Изменить размер шрифта - +
Не хватает только той, кто мог бы Вас заменить в отношении всей нашей семьи. Не найдется такой прекрасной любящей души. Нет, у Вас преемницы не будет. Три новых лица будут являться время от времени на сцену – это братья и, главное, один из них – Николенька, который будет часто с нами. Старый холостяк, лысый, в отставке, по-прежнему добрый и благородный.

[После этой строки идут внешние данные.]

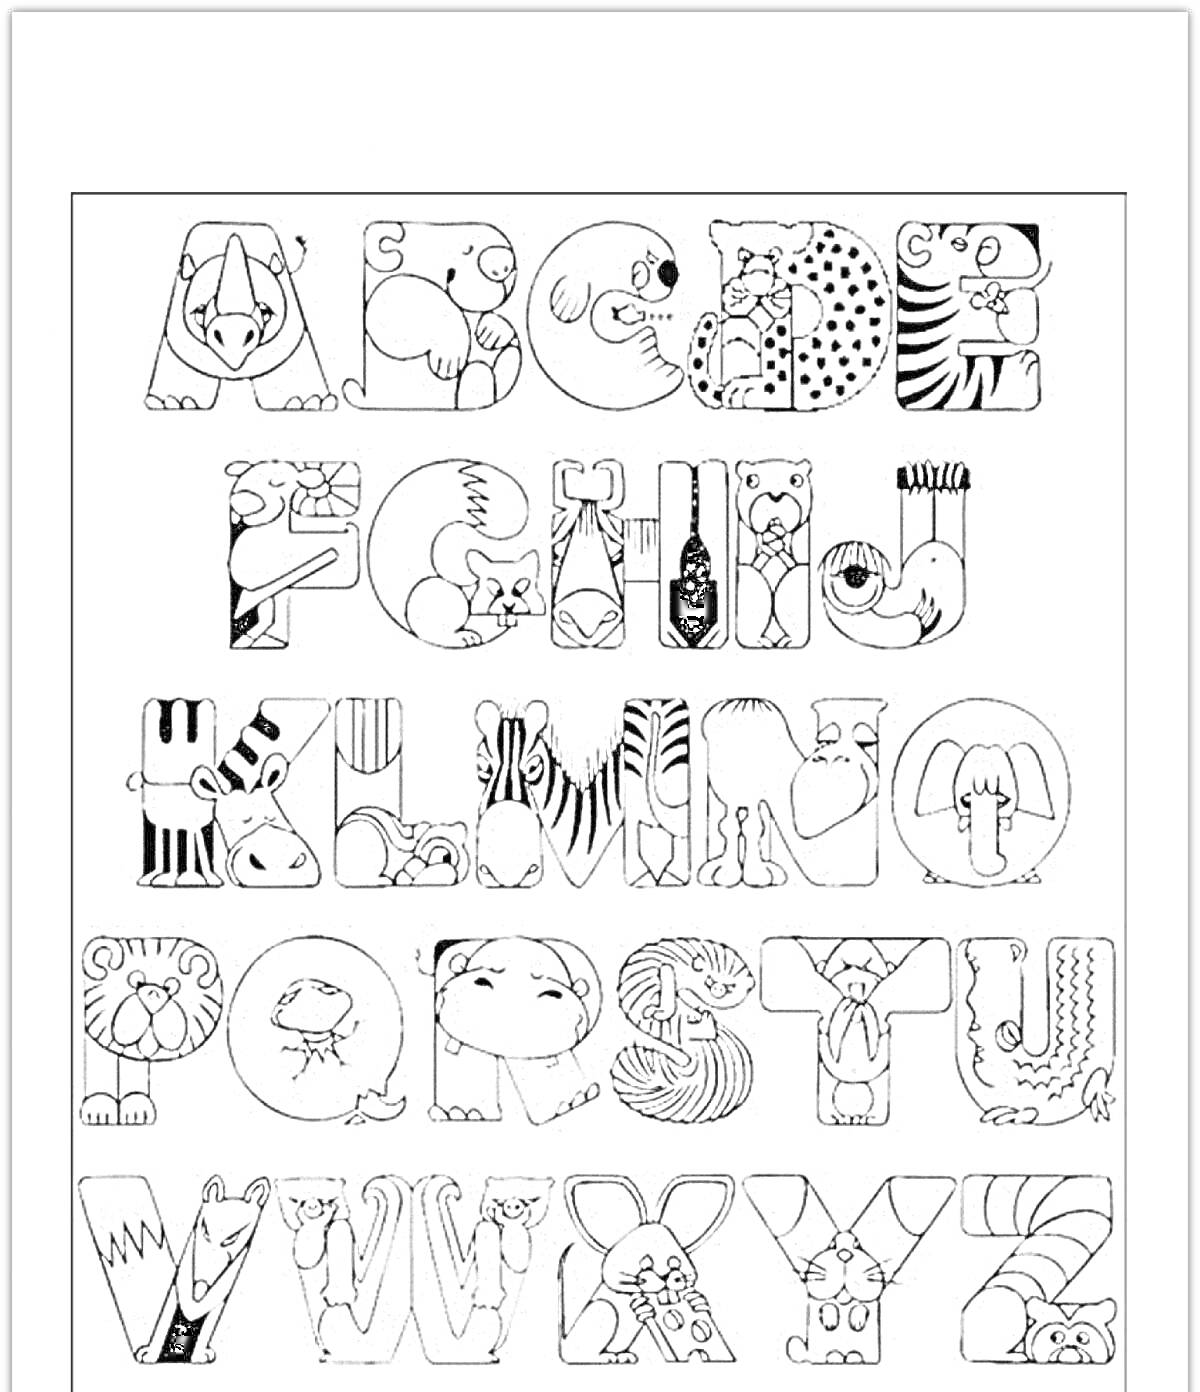 Алфавит с животными; в каждой букве спрятано изображение животных - всё от аллигатора до зебра.

Я воображаю, как он будет, как в старину, рассказывать детям своего сочинения сказки. Как дети будут целовать у него сальные руки (но которые стоят того), как он будет с ними играть, как жена моя будет хлопотать, чтобы сделать ему любимое кушанье, как мы с ним будем перебирать общие воспоминания об давно прошедшем времени, как Вы будете сидеть на своем обыкновенном месте и с удовольствием слушать нас, как Вы нас, старых, будете называть по-прежнему „Левочка, Николенька“ и будете бранить меня за то, что я руками ем, а его за то, что у него руки не чисты… Все это, может быть, сбудется, а какая чудесная вещь надежда. Опять я плачу. Почему это я плачу, когда думаю о Вас? Это слезы счастья, я счастлив тем, что умею Вас любить».

В пишущем эти строки на почтовой станции в Моздоке со слезами на глазах и сердцем, разрывающимся от нежности, живы и маленький мальчик, наказанный Проспером Сен-Тома и воображающий, сидя в темном чулане, себе в утешение героическое будущее, и чистый казанский студент, слишком застенчивый, чтобы говорить о женщинах, и придумывающий невероятные истории любви к Ней, идеальной женщине, и гуляка-москвич, который отправляется на Кавказ с мыслью сражаться с горцами, соблазнить прекрасную черкешенку и научить ее читать по-французски «Собор Парижской Богоматери». Всегда это безудержное воображение, прихотливое движение мысли, желание приукрасить будущее, чтобы отделаться от грустного настоящего. Воскрешение воспоминаний детства сделало его еще более чувствительным, чем тщательнее восстанавливал он картины минувшего и образы дорогих людей, тем больше хотел увидеть их вновь.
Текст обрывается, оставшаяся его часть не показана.